Квартира напротив пустовала три года – бывший жилец уехал, наследники не могли поделить и в конце концов сдали через агентство. Дом у нас угловой, буквой Г, и наши квартиры попали в самый сгиб – двери напротив по площадке, а балконы оба во двор, через стенку. Я привыкла к тишине за этой стенкой. Да я ко всякой тишине привыкла – с тех пор как Артём ушёл. Просто собрал вещи в один чемодан, сказал «прости, так вышло» – и дверь закрылась. Три года назад. А я осталась. И тут же начала выстраивать порядок.
Расписание. Правила. Ритуалы. Утро: подъём, кофе, десять минут на балконе – даже зимой. День: работа – я считала чужие деньги, сводила квартальные отчёты для строительной компании Кравцова. Вечер: ужин, книга, Шуня на коленях. Мама звонила по воскресеньям, спрашивала одно и то же: как дела, ешь ли нормально. Я отвечала одинаково: всё хорошо, мам. Всё по плану. Никаких случайных визитов.
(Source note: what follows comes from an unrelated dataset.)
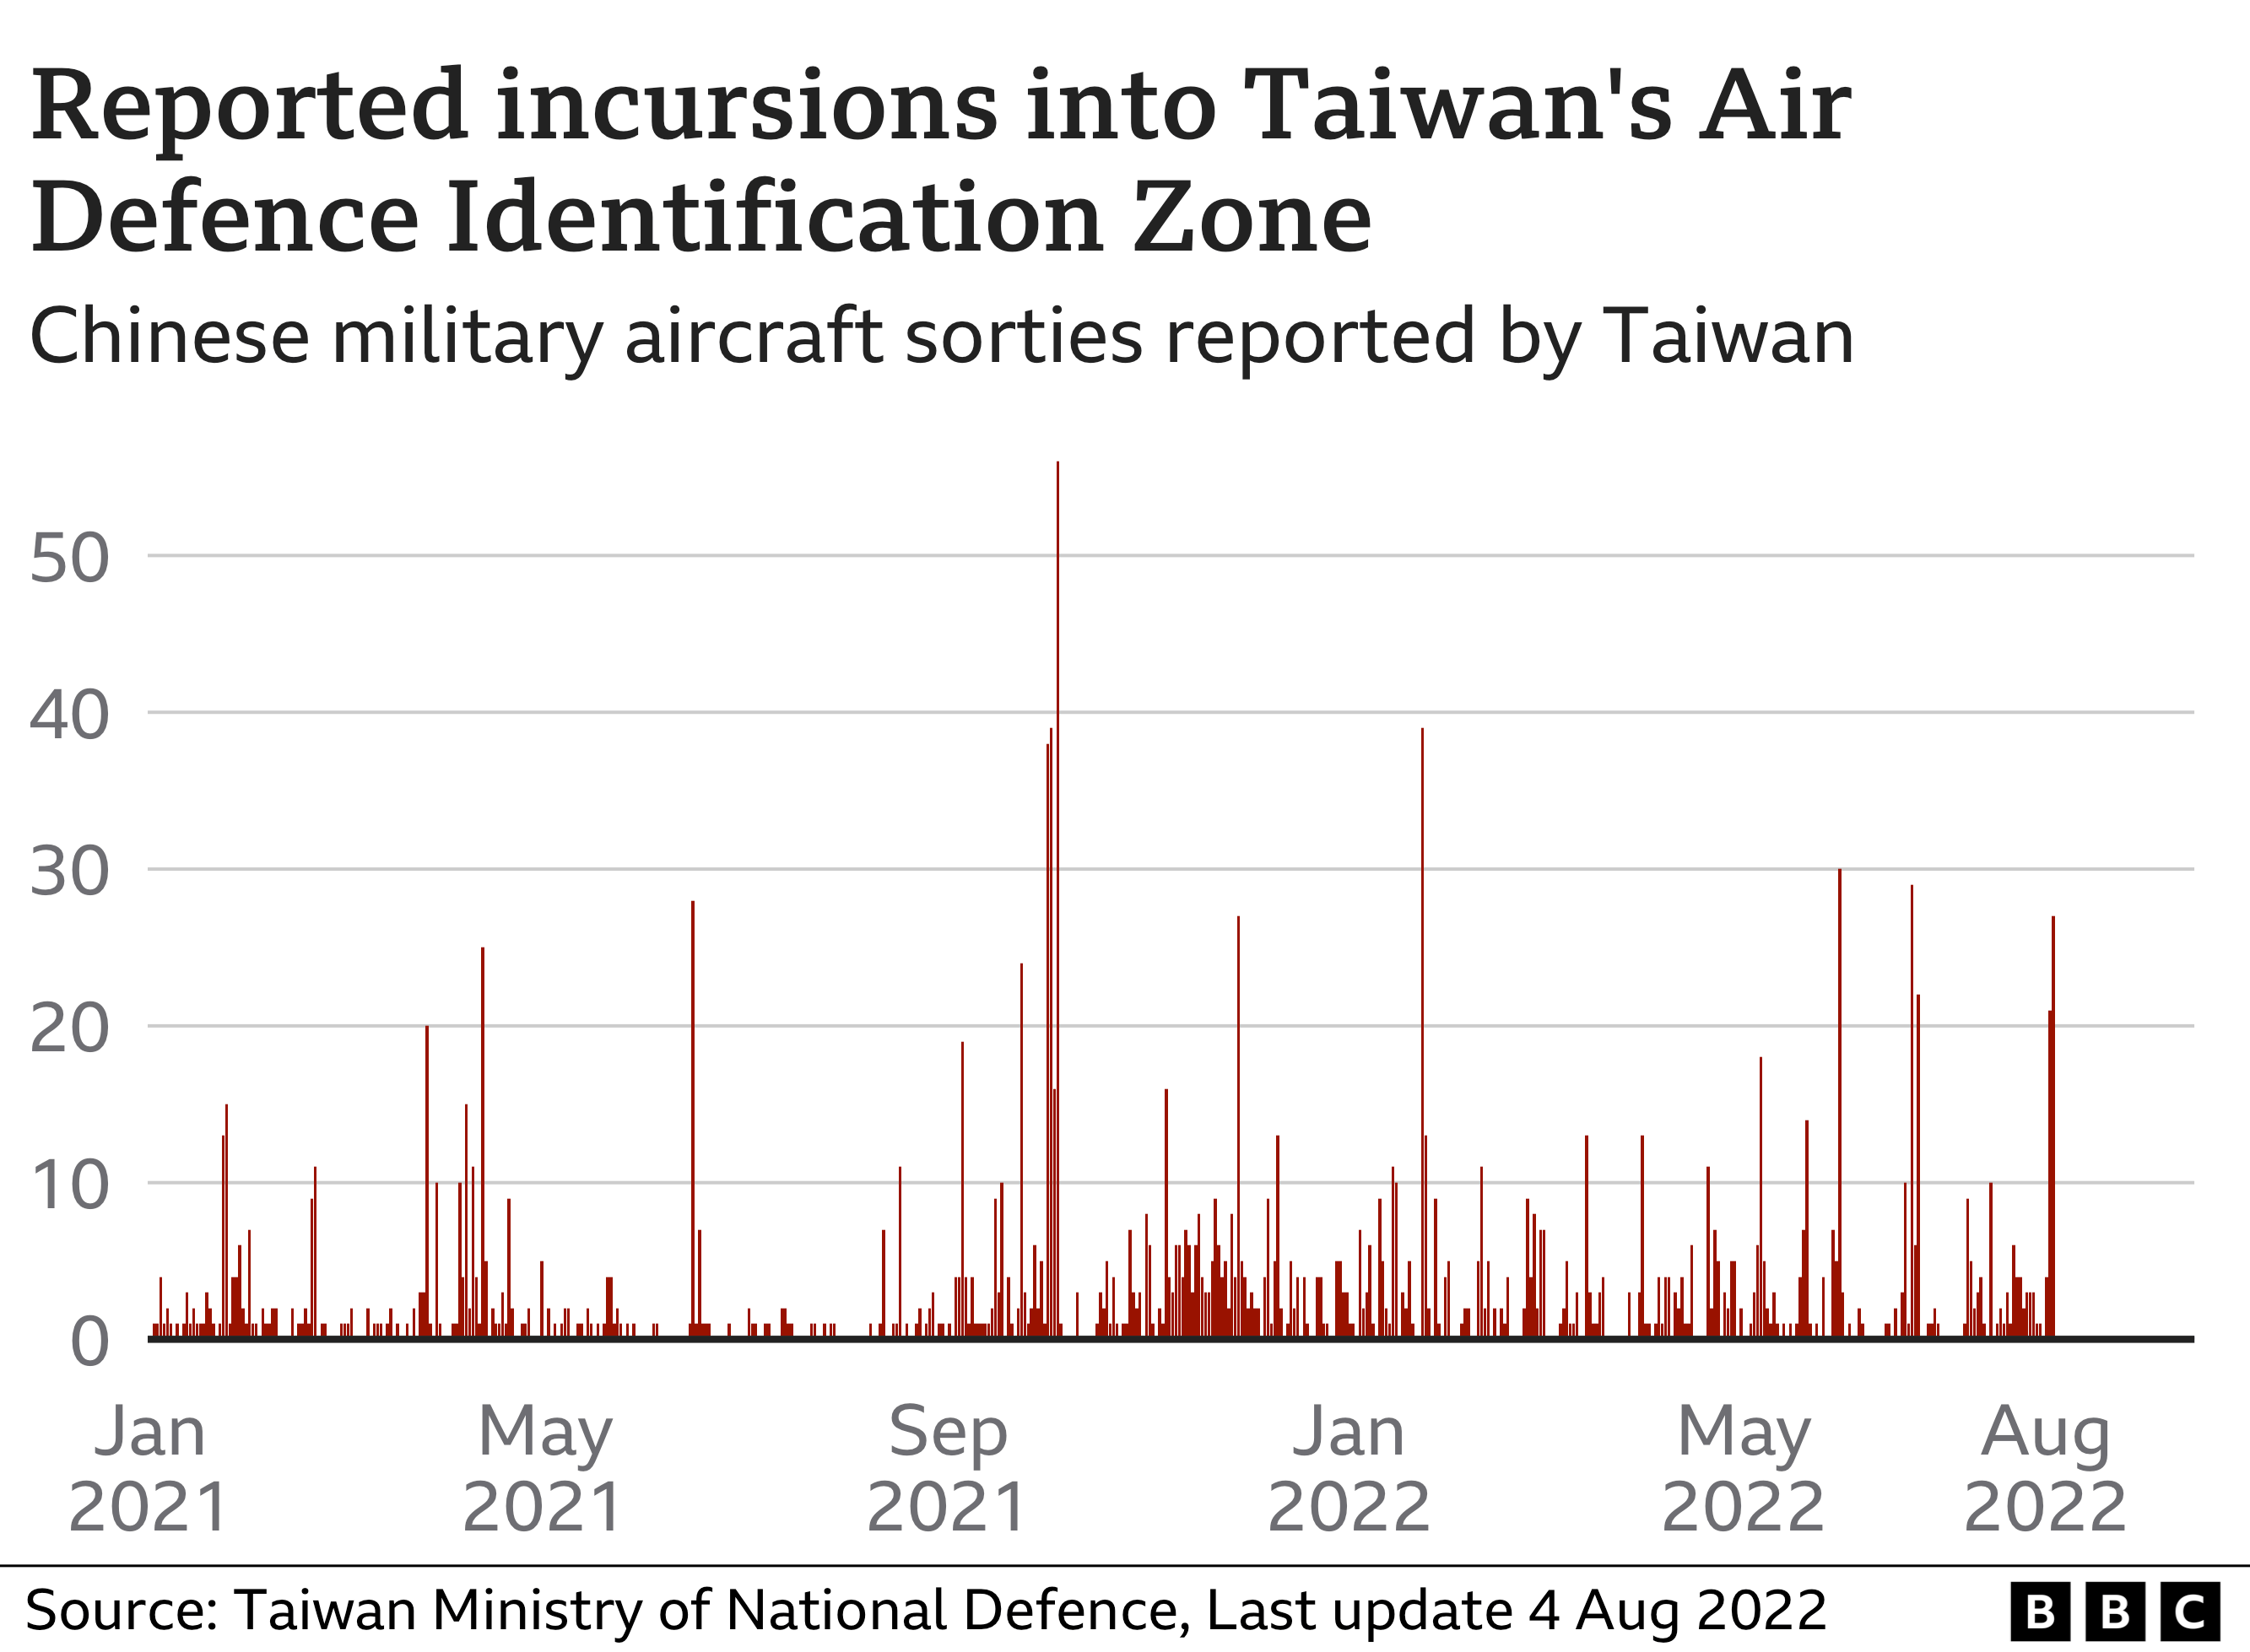 Graphic showing reported incursions into Taiwan's Air Defence Identification Zone. Updated 4 Aug 2022.

Никаких звонков после девяти. Никаких людей, которые могут войти и переставить хоть что-то с места на место.
Квартира выглядела как выставочный образец – чисто, пусто и никаких следов живого человека. Мне так было спокойно.
И вот – грохот. А на третий день – стук.
Три коротких удара – костяшками, уверенно, будто стучал не впервые. Я как раз злилась на формулу в семнадцатой строке квартального отчёта, которая никак не хотела сходиться. Шуня спрыгнула с подоконника и побежала к двери, задрав хвост.
Я открыла – не сразу, сначала посмотрела в глазок. Он стоял, слегка наклонив голову, и держал в руке пустую стеклянную банку.
– Привет, – сказал он. – Я Глеб. Переехал вот.
Голос был густой, чуть хрипловатый, с привычкой растягивать гласные – «переехал» у него превратилось в «переее-хал», будто каждое слово не торопилось выходить наружу.
– Вера, – ответила я и не улыбнулась.
– У тебя соль есть? – он поднял банку. – Я три коробки распаковал, нашёл четыре кисти, тюбик жжёной умбры и пассатижи. Соли нет.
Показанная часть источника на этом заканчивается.